Desse modo, podemos dizer que fé, para Ricoeur, é um sentimento. Tal sentimento de pertencimento nasce da relação amorosa entre o divino e o sujeito. Com isso, podemos dizer que fé é um sentimento da mesma forma que dizemos que amor também é, dentro de todas as suas complicações próprias, para não cairmos em um certo sentimentalismo. A fé enquanto sentimento aponta para um novo horizonte fenomenológico, pois indica a busca de uma alteridade integral, e, assim como o amor, também mobiliza os afetos.
Esse sentimento, que consiste em maneiras de ser afetado absolutamente, desmente a incapacidade de a fenomenologia abrir a intencionalidade da consciência para uma alteridade integral. A esses sentimentos e a essas afecções podemos localizar o título geral da prece e que se desdobram da queixa até o elogio, passando pela súplica e pelo pedido.

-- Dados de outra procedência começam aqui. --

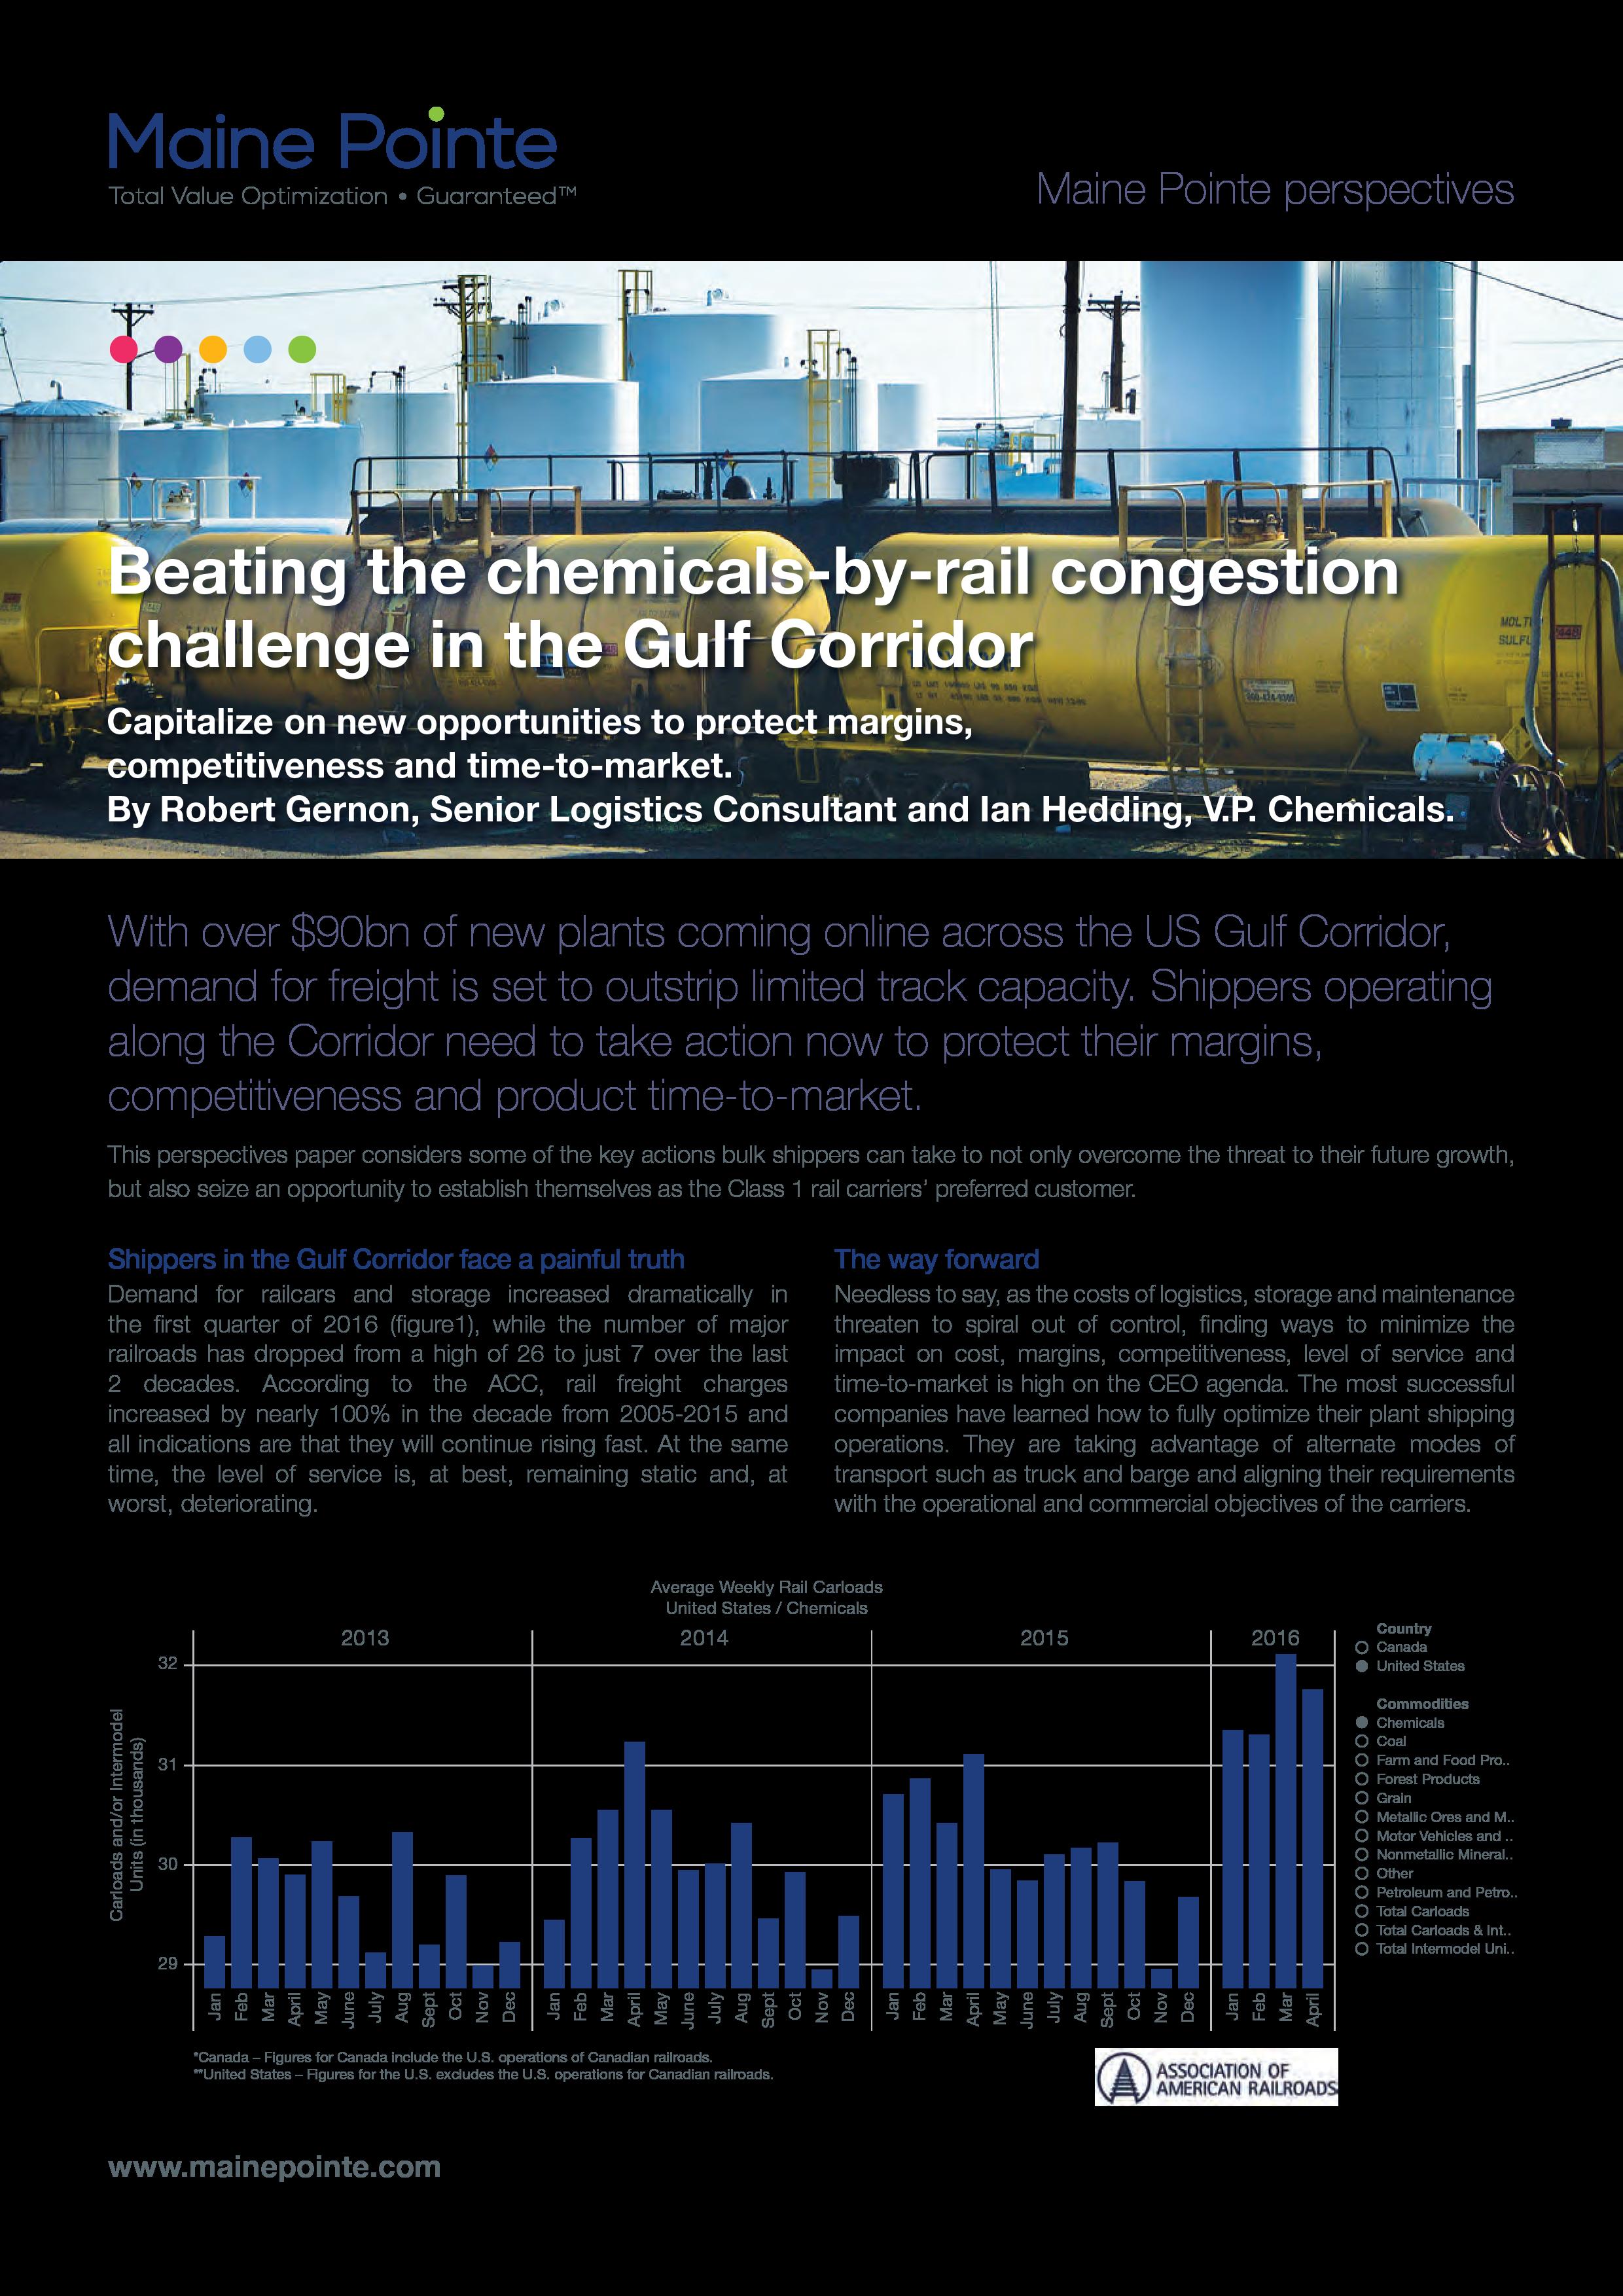 Gulf Corridor Chemicals-by-Rail

Como podemos notar, a fé é anterior à palavra e é origem de interpretação. Porém, sua investigação não pode ser anterior à linguagem; pelo contrário, devemos sempre investigar a experiência religiosa na linguagem. Assim, devemos ter claro que “[…] é sempre numa linguagem que se articula a experiência religiosa, quer a entendamos num sentido cognitivo, prático ou emocional”. Neste sentido, a fé sempre é mediatizada, ou melhor, é sempre duplamente mediatizada, assim diz Ricoeur em seus fragmentos:
Minha relação com a pessoa da figura de Jesus é, assim, duplamente mediatizada: por textos canônicos, eles próprios carregados de interpretação, e por tradições de interpretação que fazem parte da herança cultural e da motivação profunda das minhas convicções. É nesse sentido que reconheço “aderir” à tradição evangélica reformada. Não há fé “imediata”.

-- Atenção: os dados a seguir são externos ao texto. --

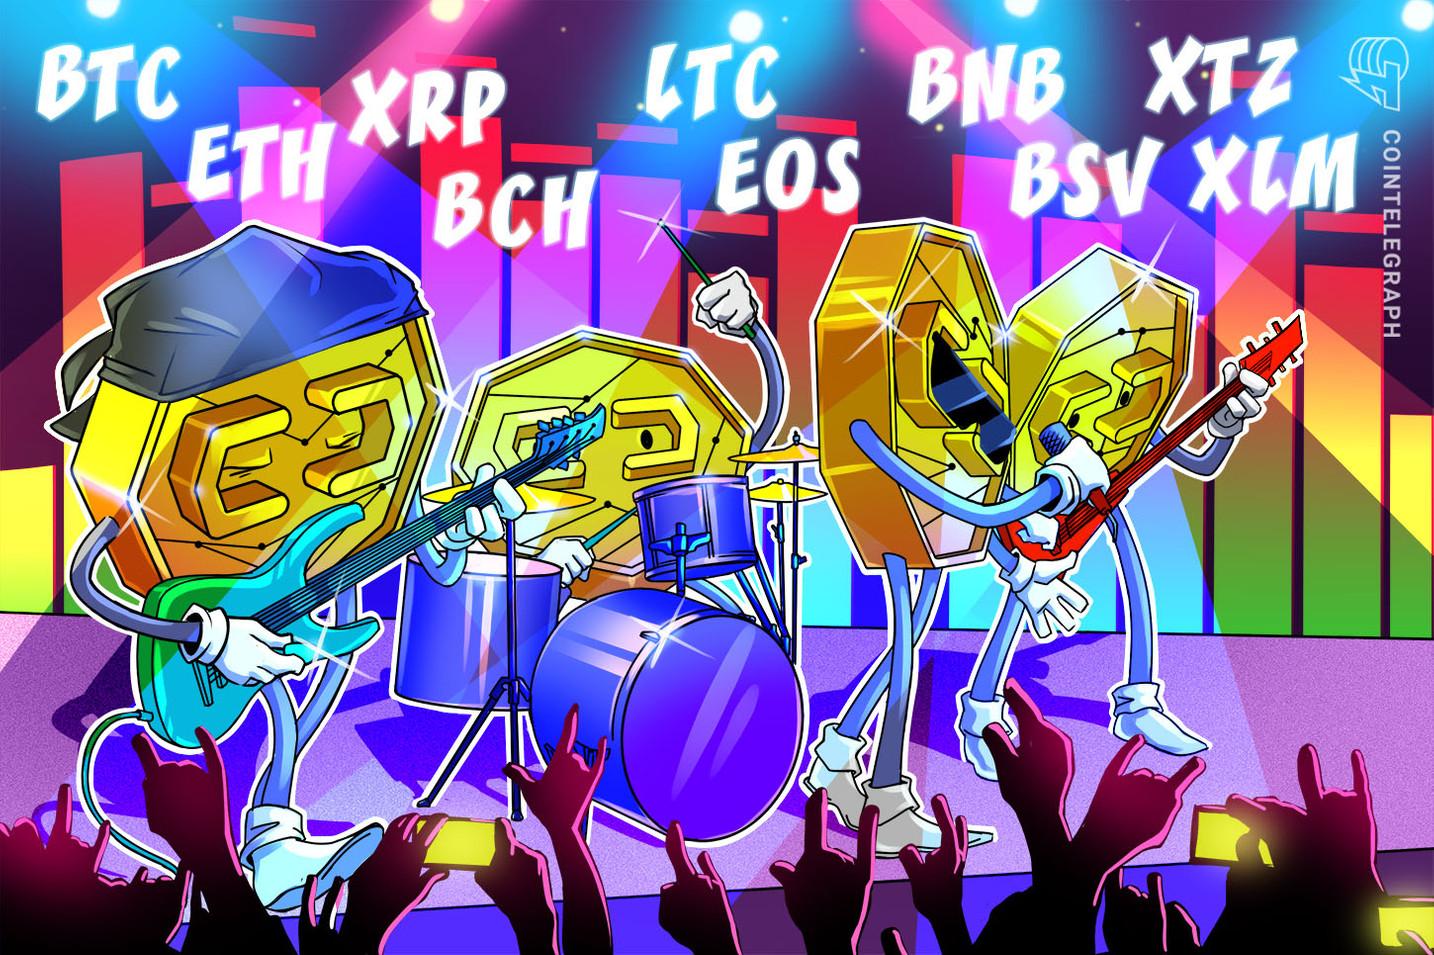 Análise de preços, 20/12: BTC, ETH, XRP, BCH, LTC, EOS, BNB, BSV, XTZ, XLM

Mas como esta herança cultural e motivação profunda de convicções são fonte da interpretação por parte do religioso? A definição de cristianismo que Ricoeur propõe nos dá algumas pistas para uma resposta: “‘Um acaso transformado em destino por uma opção contínua’: meu cristianismo”. Segundo Victor Chaves de Souza, Paul Ricoeur quer apontar, com isso, que “[o] cristianismo se insere entre o destino e a convicção. É no sentido vivencial do assumir o destino que há a escolha constante”. Assim, o cristão sempre se defronta com a figura de Cristo para assumir sua posição, sua interpretação. É possível perceber este posicionamento apontado no manuscrito de Ricoeur sobre a morte.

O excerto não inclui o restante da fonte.